United States Senator from South Carolina
- In office March 4, 1919 – March 3, 1925
- Preceded by: William P. Pollock
- Succeeded by: Coleman L. Blease

Personal details
- Born: Nathaniel Barksdale Dial April 24, 1862 Laurens, South Carolina, US
- Died: December 11, 1940 (aged 78) Washington, D.C., US
- Party: Democratic
- Occupation: Politician, lawyer

= Nathaniel B. Dial =

American politician and lawyer (1862–1940)

Nathaniel Barksdale Dial (April 24, 1862 – December 11, 1940) was an American politician and lawyer. A Democrat, he was a member of the United States Senate from South Carolina.

== Early life and education ==
Dial was born on April 24, 1862, near Laurens, South Carolina, the son of Albert Dial and Martha Rebecca (née Barksdale) Dial. He grew up on a farm. Educated at common schools, he studied at the University of Richmond, Vanderbilt University, and the University of Virginia School of Law, graduating from the lattermost in 1883.

== Career ==
Also in 1883, Dial was admitted to the bar, after which he began practice in Laurens. Inspired by the New South, he also participated in the banking and manufacturing industries. He founded numerous companies in South Carolina.

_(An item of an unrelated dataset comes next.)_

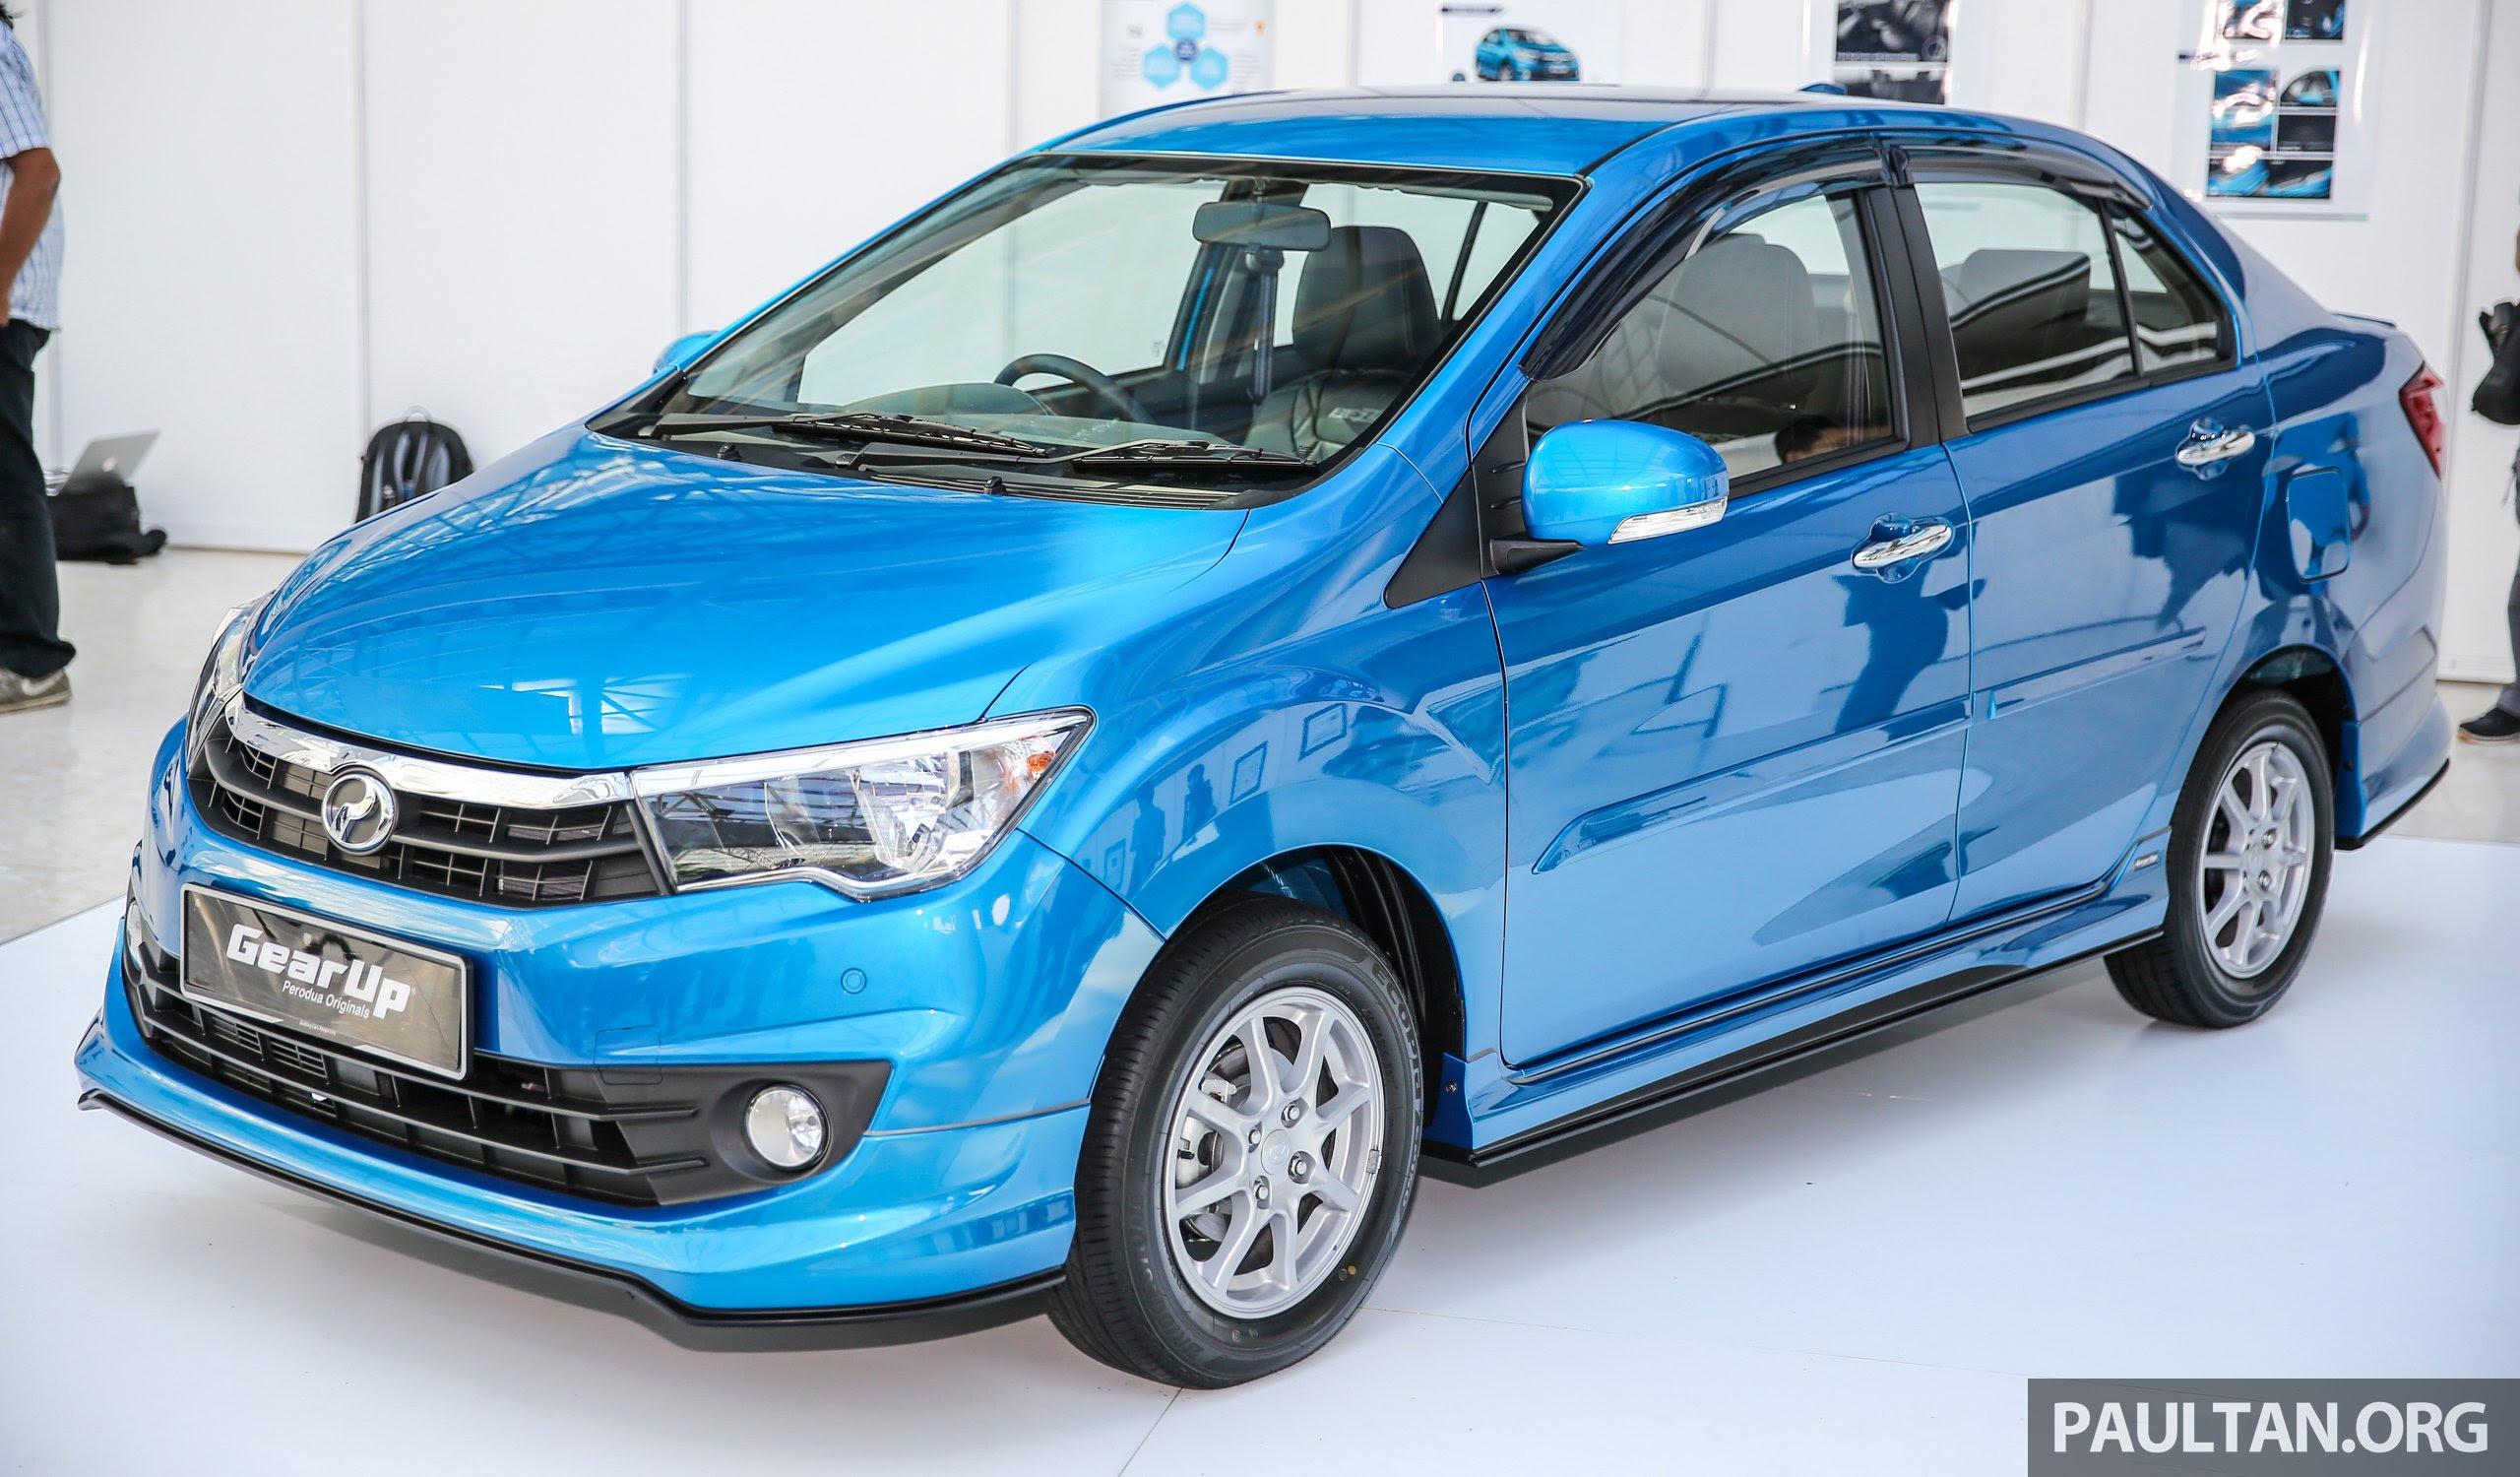 Perodua Bezza tops Trending Car Models list in Google's

Dial was a Democrat. He was a delegate to the 1888 Democratic National Convention. From 1887 to 1891, and again in 1895, he was the mayor of Laurens. While mayor, he brought several utilities to the city, such as water and telecommunications. In 1893, he was offered the position of consul to Zurich by President Grover Cleveland, but refused.

Dial was an unsuccessful candidate in the 1912 United States Senate election in South Carolina. He was a member of the Senate from March 4, 1919, to March 3, 1925. Ideologically, he was conservative, though Keith T. Poole claims he was liberal. He opposed child labor laws, minimum wage, and bonuses to World War I veterans. He was not nominated for the following election. He was an unsuccessful candidate in the 1926 election.

After serving in Congress, Dial returned to practicing law between Washington, D.C. and South Carolina. He also continued his participation in the South Carolina manufacturing business.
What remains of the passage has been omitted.